((

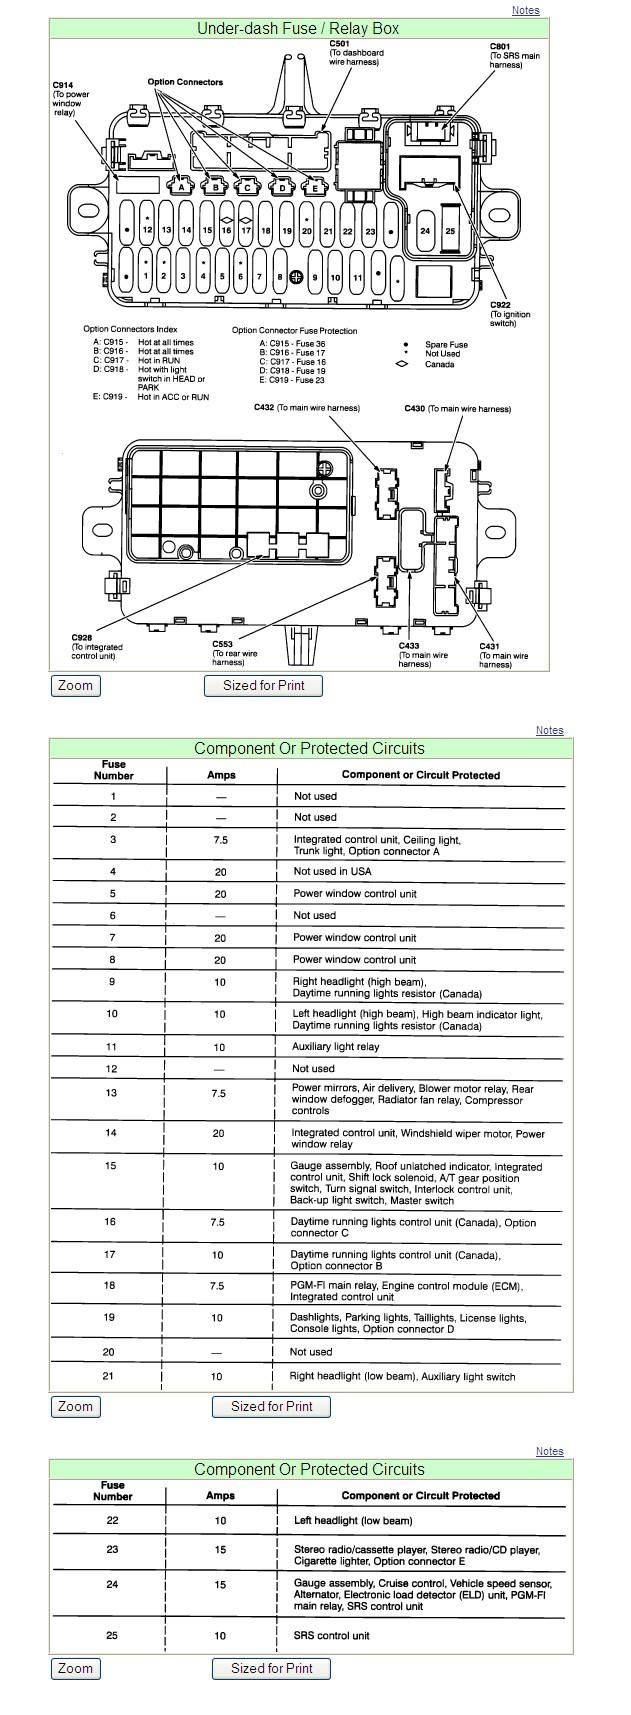 93 Del Sol Electrical Wiring Diagram - 94 Cadillac Wiring Diagram -  delco-electronics.yenpancane.jeanjaures37.fr | 93 Del Sol Fuse Box Diagram |  | Wiring Diagram Resource
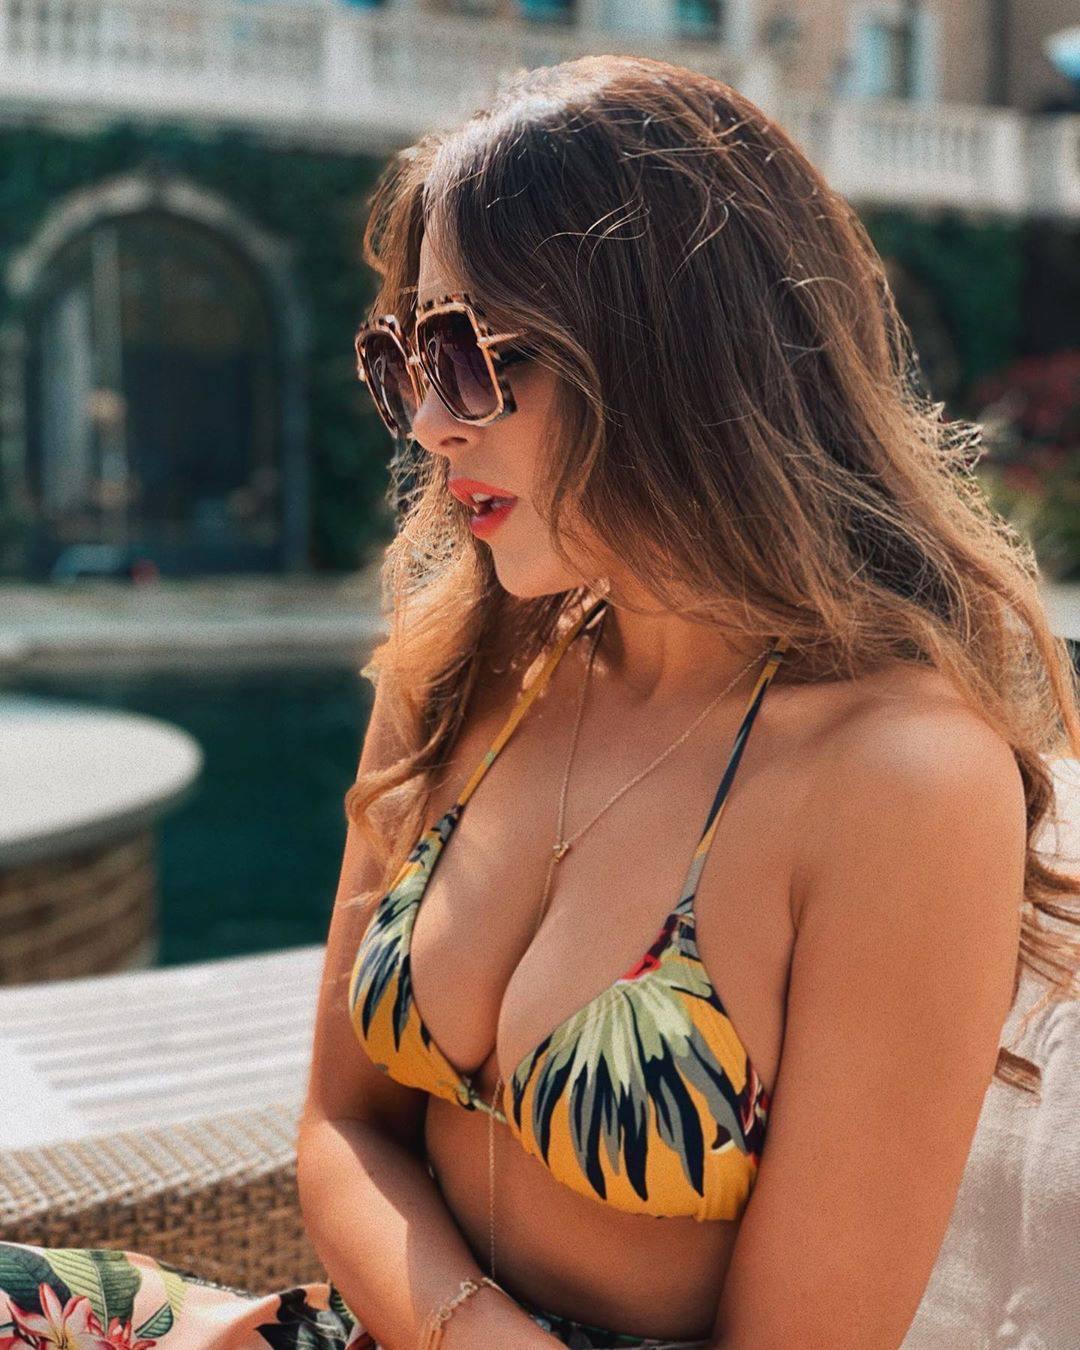 Elizabeth Gilles Sexy Big Breasts In Bikini
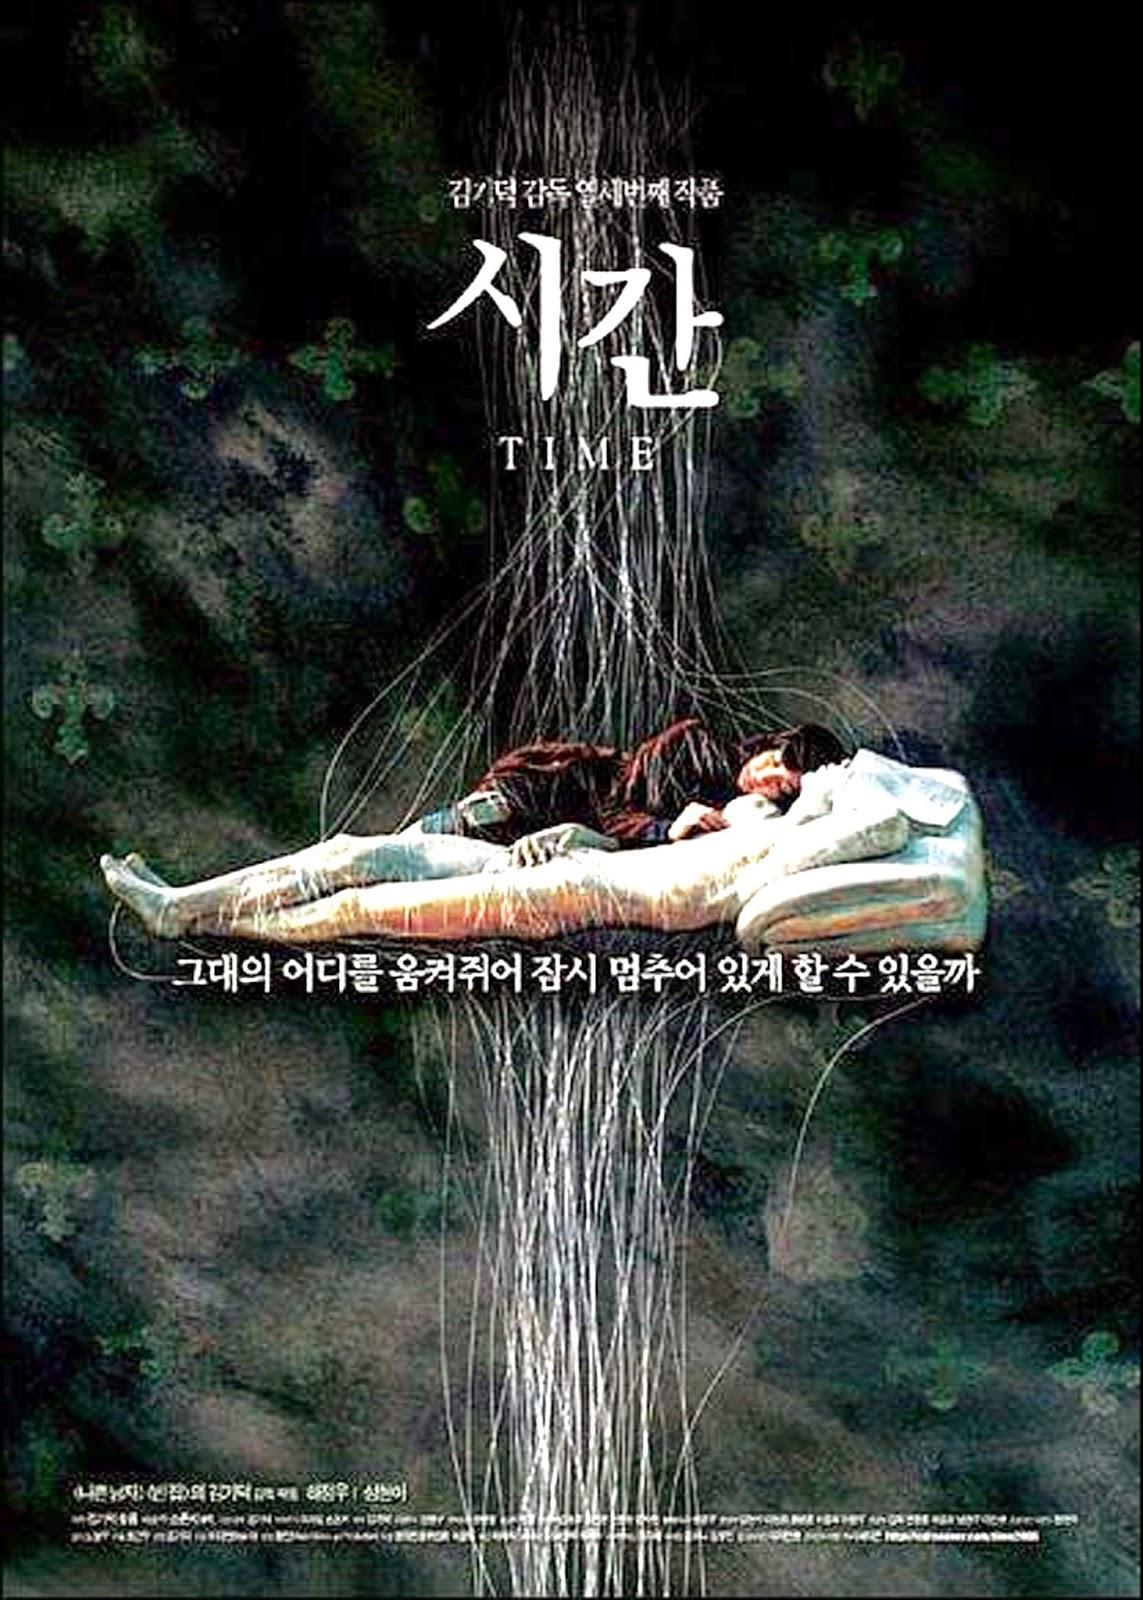 Shi gan (Time) (2006) Drama
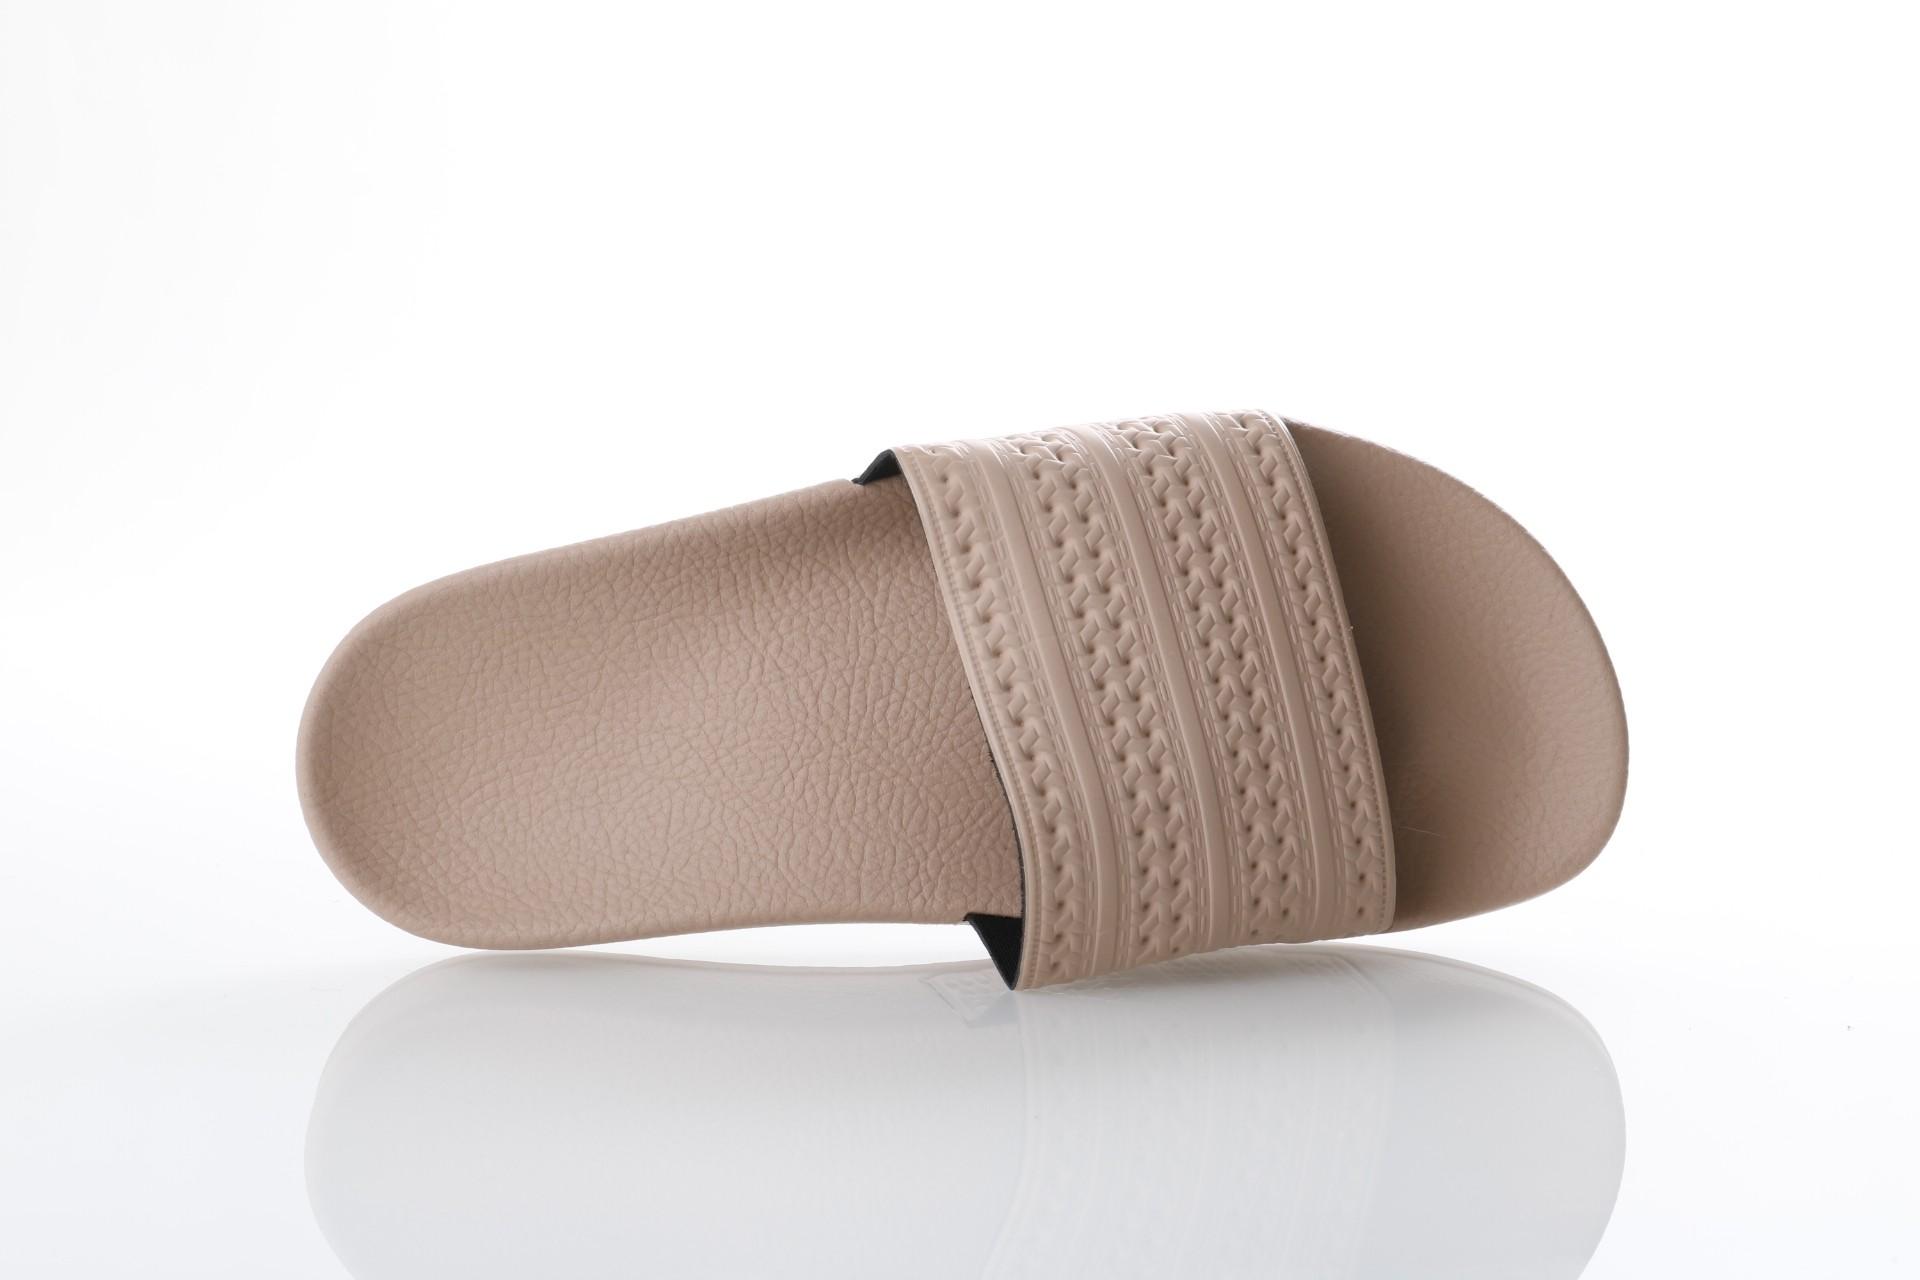 Afbeelding van Adidas Originals CQ2235 Slide sandal Adilette Grijs

))

_How to complete this task_: An exact transcription of the material is required, without any pictures.

_Your response_:
 93 Del Sol Electrical Wiring Diagram - 94 Cadillac Wiring Diagram -  delco-electronics.yenpancane.jeanjaures37.fr | 93 Del Sol Fuse Box Diagram |  | Wiring Diagram Resource
 Elizabeth Gilles Sexy Big Breasts In Bikini
 Shi gan (Time) (2006) Drama
 Afbeelding van Adidas Originals CQ2235 Slide sandal Adilette Grijs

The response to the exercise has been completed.